# TiVo to Raise PVR Rates



## Guest (Mar 5, 2002)

In April, TiVo will raise the monthly rate for its personal video recorder service by 30 percent, the company told subscribers last week. The monthly subscription will jump to $12.95 from $9.95 as of April 2. However, customers who receive TiVo service via DirecTV * will not* see a price increase, TiVo said.

From SkyReport (Used with permission)


----------



## Guest (Mar 5, 2002)

If you visit the TIVO Community website, you'll notice that there is a outcry by TIVO users stating that they are very unhappy with the 3.00/month raise and may drop their service with TIVO. 

I will be shopping around for a StandAlone version of Tivo sometime in the near future. I did read that it can be installed along with my Insight Digital Cable receiver, so that alone clinched it for me. I estimate I will end up getting a SATivo in a few months, since I will be going to a new job soon and have some bills to pay thanks to my company's downsizing (I ended up having my hours reduced from 30/week to just 10 or less per week).I start at my new job next Monday.

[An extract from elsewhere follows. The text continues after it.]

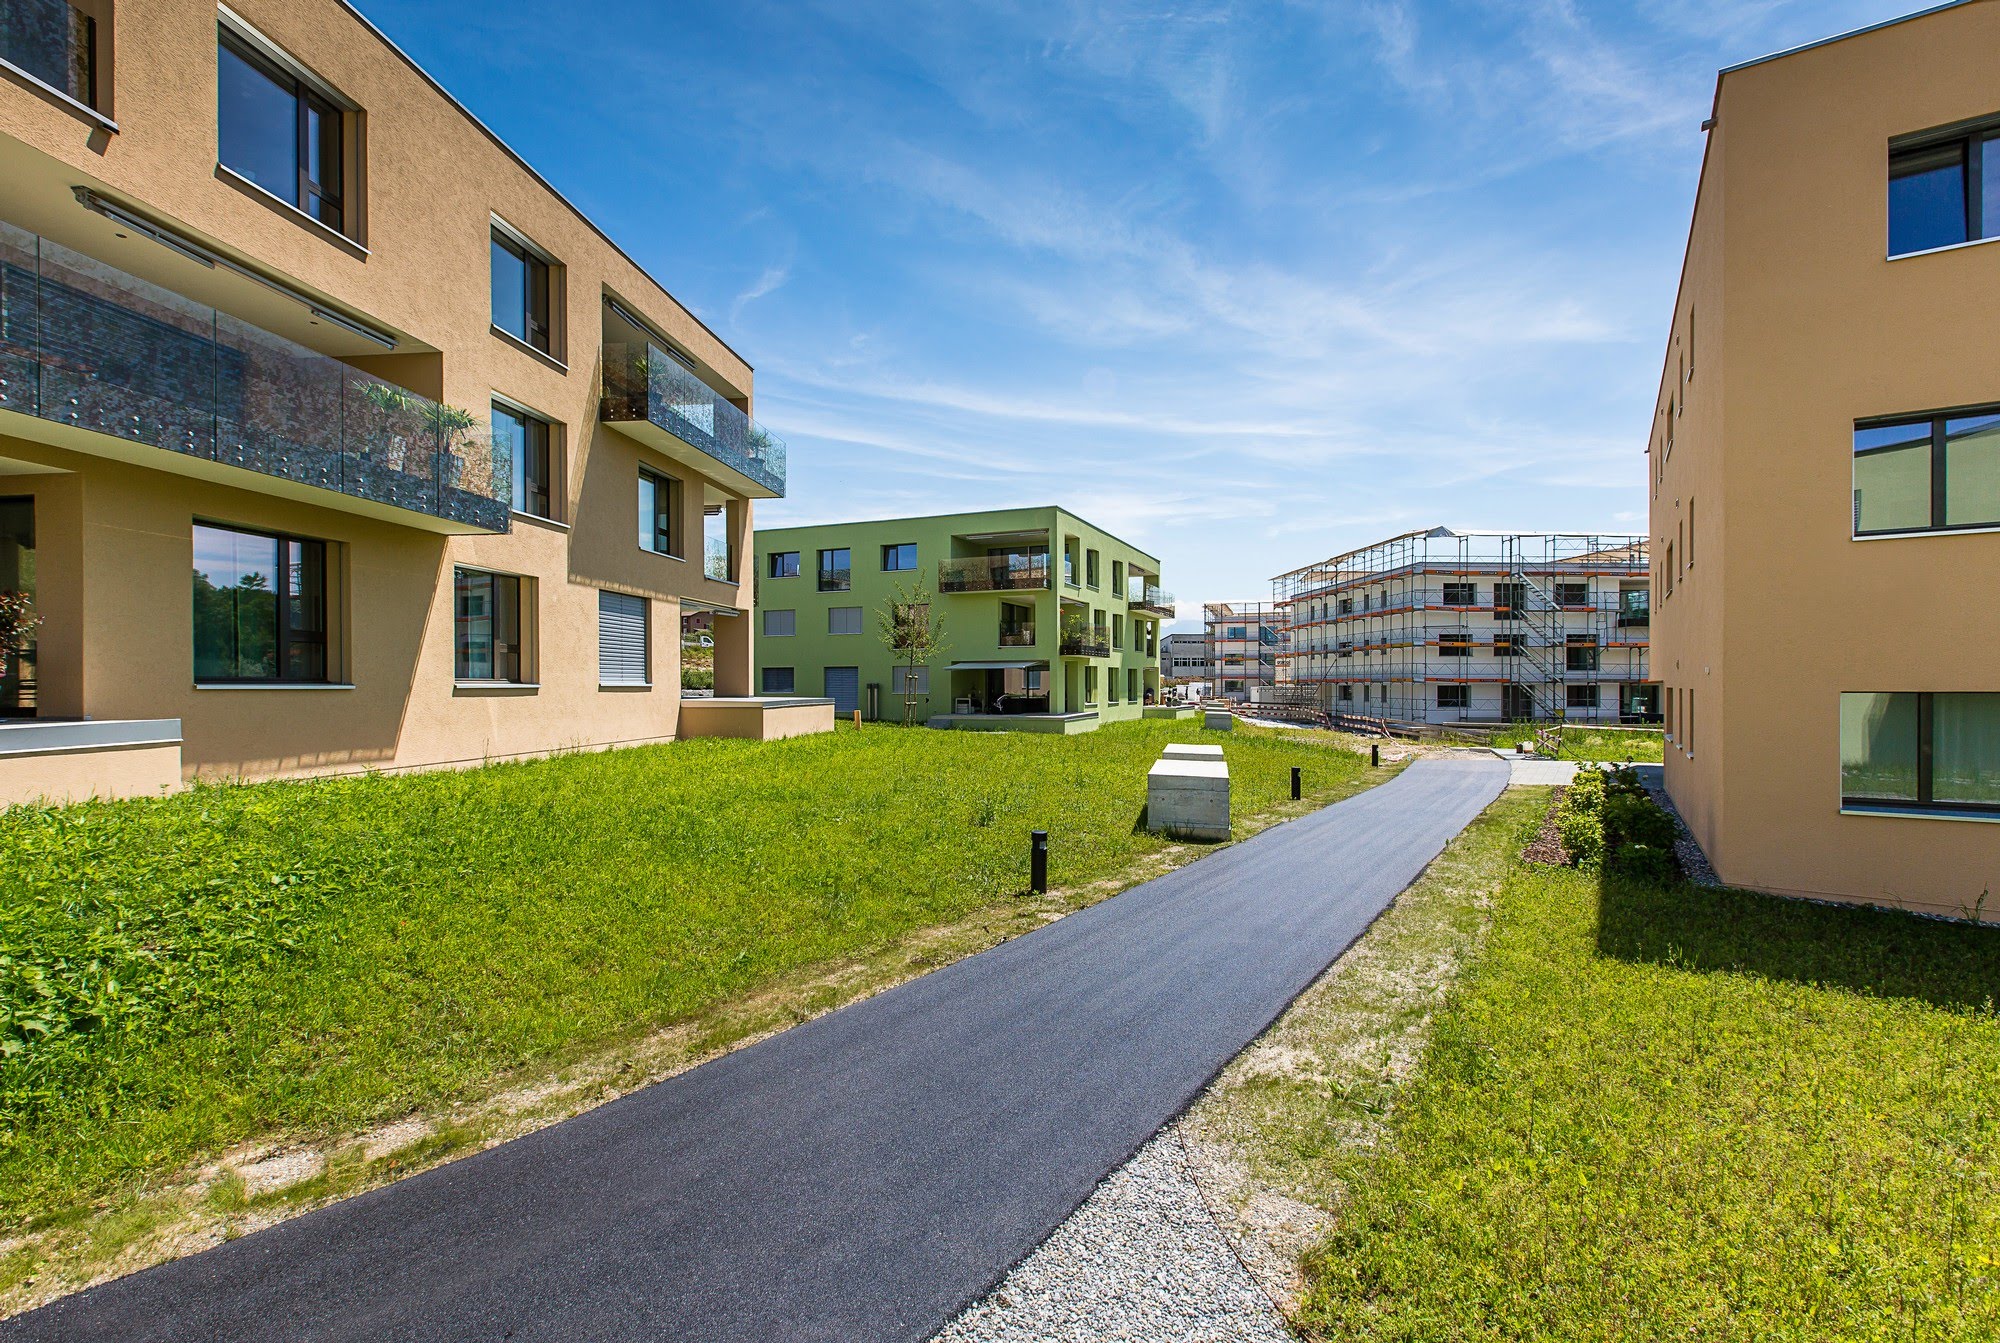 Wohnen MFH 13 MFH in Oberkirch Architektur,Wohnungsbau,Wohnhäuser,Einfamilienhäuser,Mehrfamilienhäuser
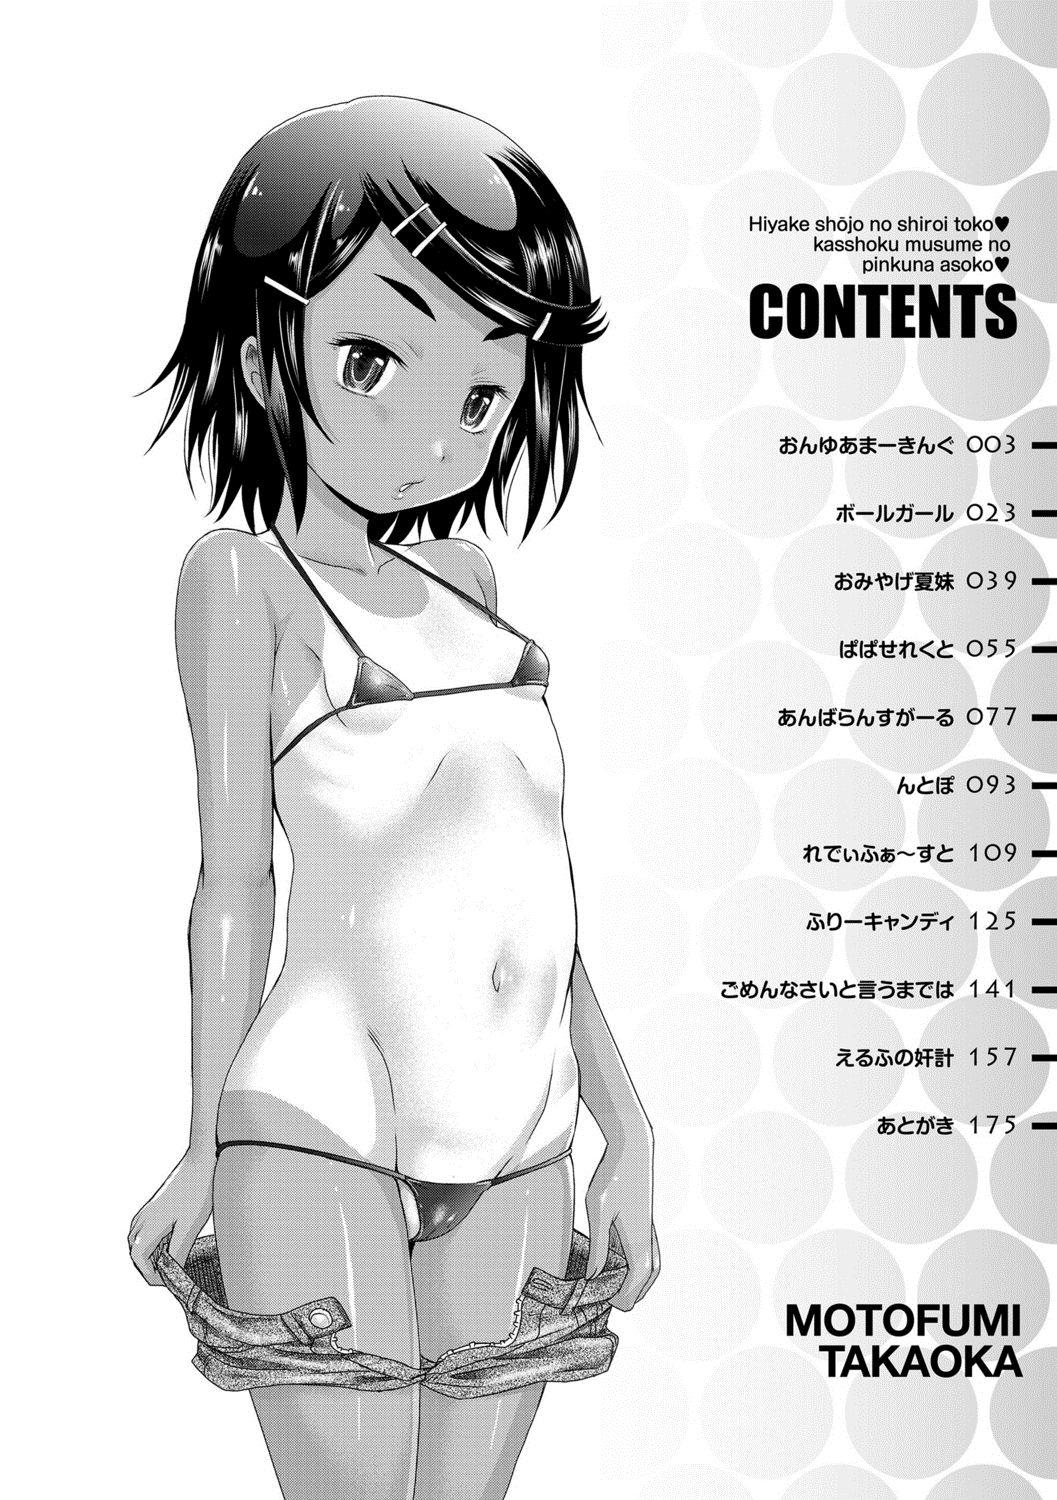 Spy Hiyake Shoujo no Shiroi Toko Kasshoku Musume no Pinkuna Asoko Clothed Sex - Page 4

My theory of the whole TIVO outcry is this: If anybody thought that TIVO wasnt gonna ever raise their prices, they had their head in the sand. TIVO was forced to raise their prices because they have some major debt to get rid of. I will be happy to pay the increase. If it takes the increase to keep TIVO in business, then its benefical to all..subscribers and TIVO as well. However, I wouldnt rule out TIVO raising the price again in a year. As long as the price doesnt get out of hand ($30.00/month for example), everything should be fine.


----------